---------- PROVIDED DATA

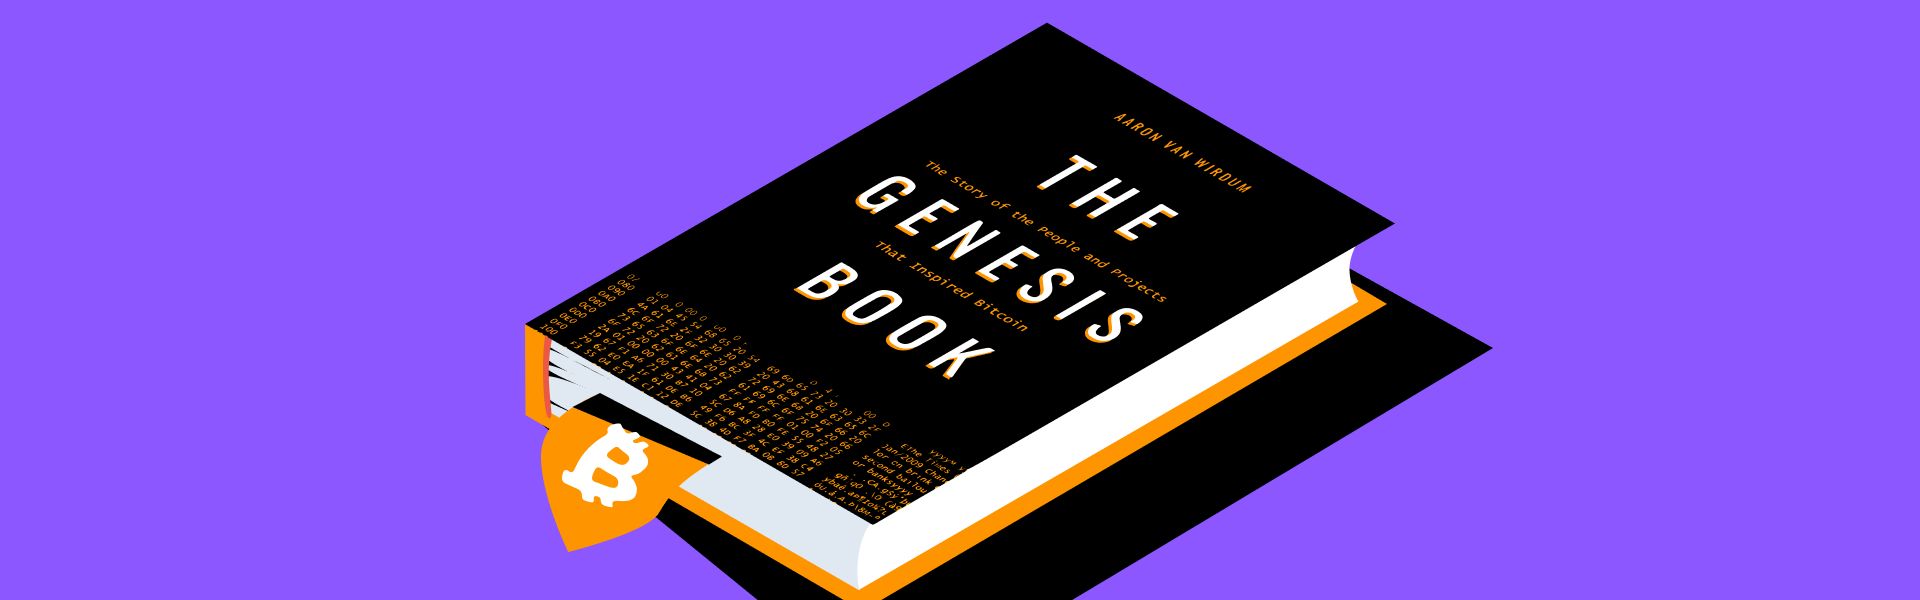 The Genesis Book: про що нова книга Аарона ван Вірдума
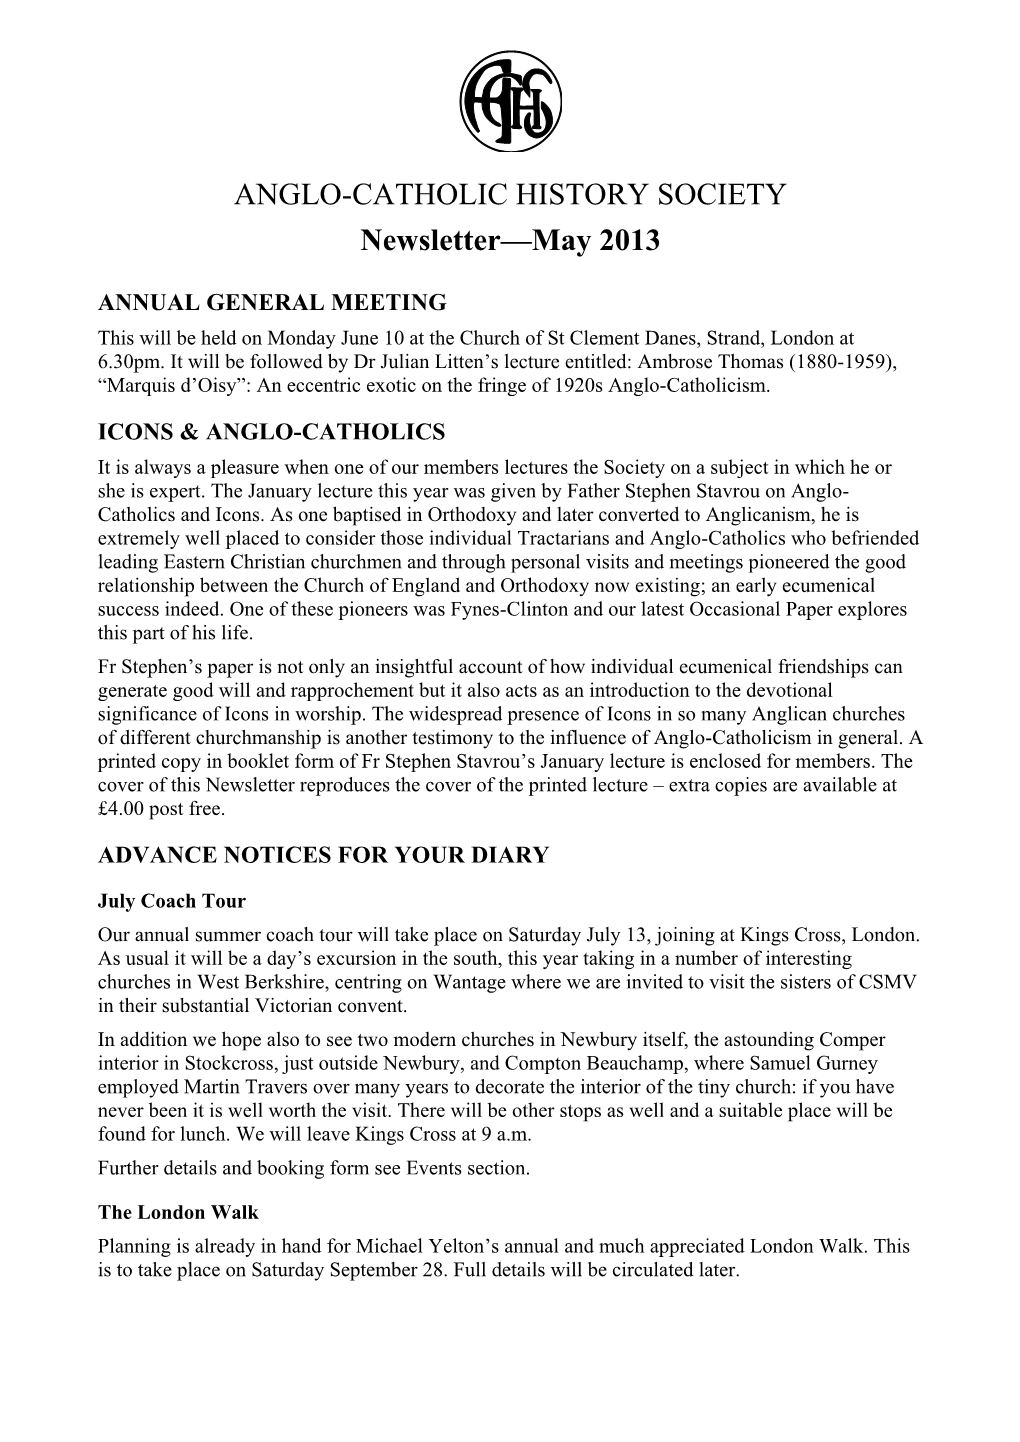 ANGLO-CATHOLIC HISTORY SOCIETY Newsletter—May 2013
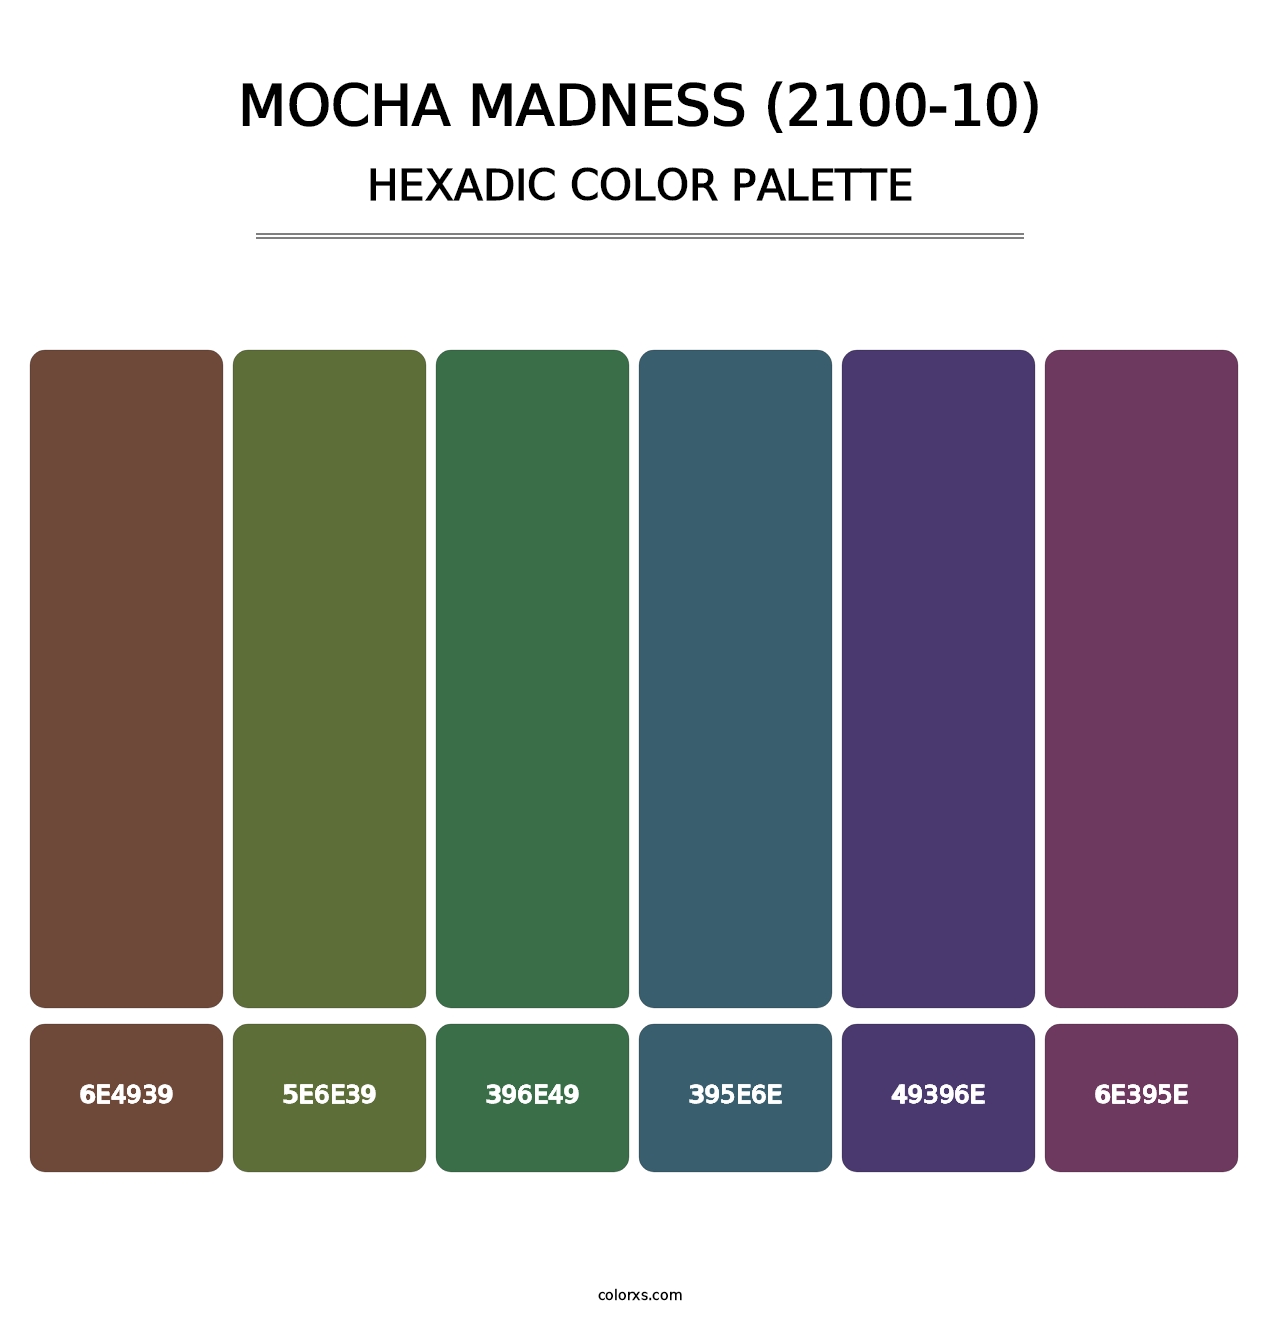 Mocha Madness (2100-10) - Hexadic Color Palette

--------------------

_PROBLEM STATEMENT_: Exclude all images and return the listing word for word.

_SOLUTION_:
 The Genesis Book: про що нова книга Аарона ван Вірдума
 ANGLO-CATHOLIC HISTORY SOCIETY Newsletter—May 2013
 Mocha Madness (2100-10) - Hexadic Color Palette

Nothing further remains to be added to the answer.